The Kitchen Sink
An occasional piece of paper
October 3, 2010
Vol. 13 no. 39

Everything But...

The trouble with the Bible is that it is so big. Its size and diversity overwhelm most human souls, including ministers. There are very few scholars who can claim intimate familiarity with everything in the Scriptures, and most of these are lacking humility. The one thing the weight of the Bible’s tome should do to us is keep us properly humble, knowing that we know only in part.

There is a virtue to this bigness - always something is new to read, for you never have exhausted it all. Possibly you have never read a particular book. Often you come back to a familiar passage and it is no longer familiar - you and/or the world has changed and the words read a much different and more exciting version of the old story.

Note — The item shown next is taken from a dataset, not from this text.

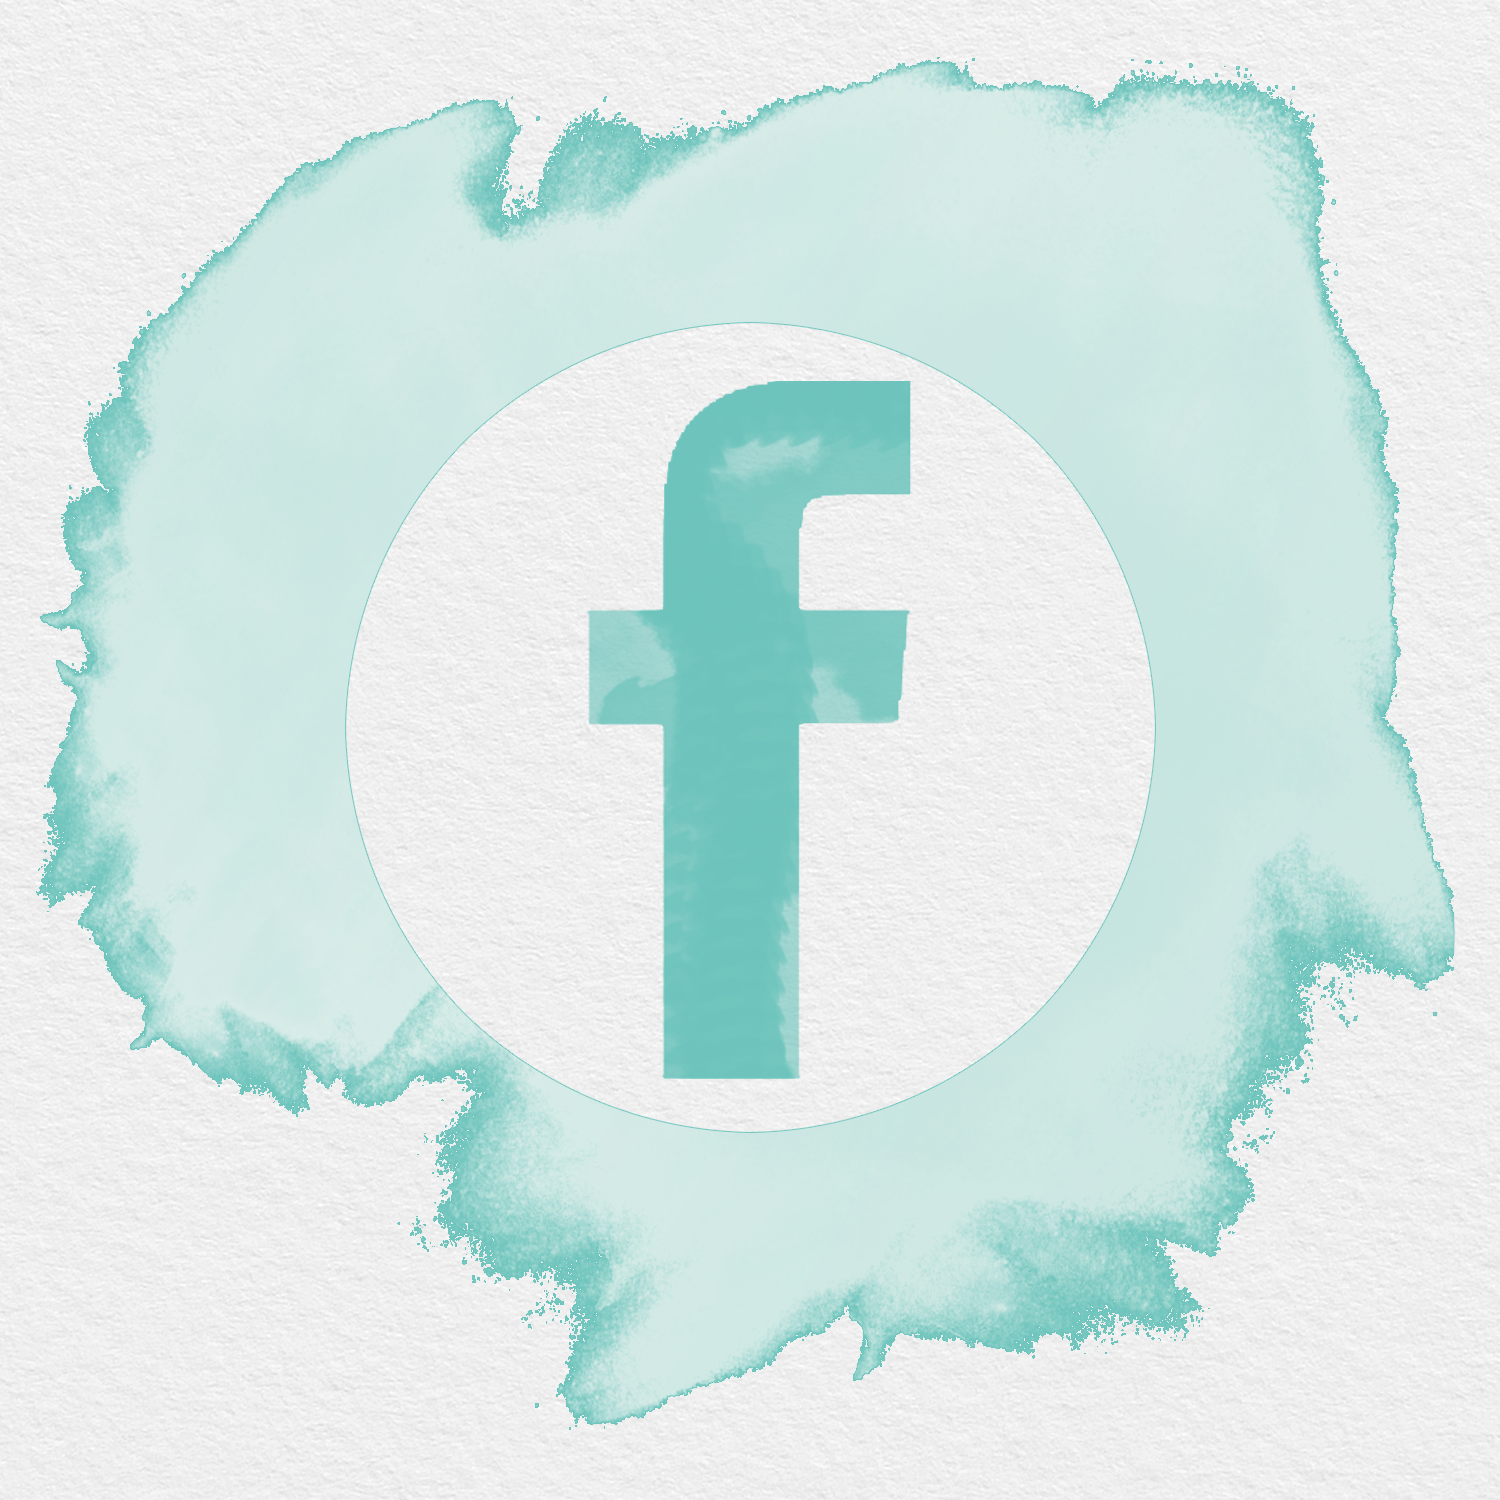 FACEBOOK ICON WATERCOLOR SPLASH. Facebook icons, iPhone design, Watercolor splash

Today is probably one book you have not read before: the Book of Lamentations, immediately following Jeremiah, by whom they are traditionally written. Only five poetic chapters, most believe that they were not written directly by Jeremiah, but certainly captured the moods he could have expressed. Israel has been finally conquered and leveled by the Babylonian armies and a select group of key leaders have been forced marched to Babylon hundreds of kilometers to the East. This was a cruel, but craftily effective method used by many ancient kingdoms to crush the resistance of a subject people. Exile the leaders from the general population and neither will be able to survive with an identity. All they can do is lament their fate.

Yet, as with all prophetic writings we will hear at the end of deep and mournful groans the raised voice of a divinely-inspired hope that will not let us go, even in a lonely city of a strange land.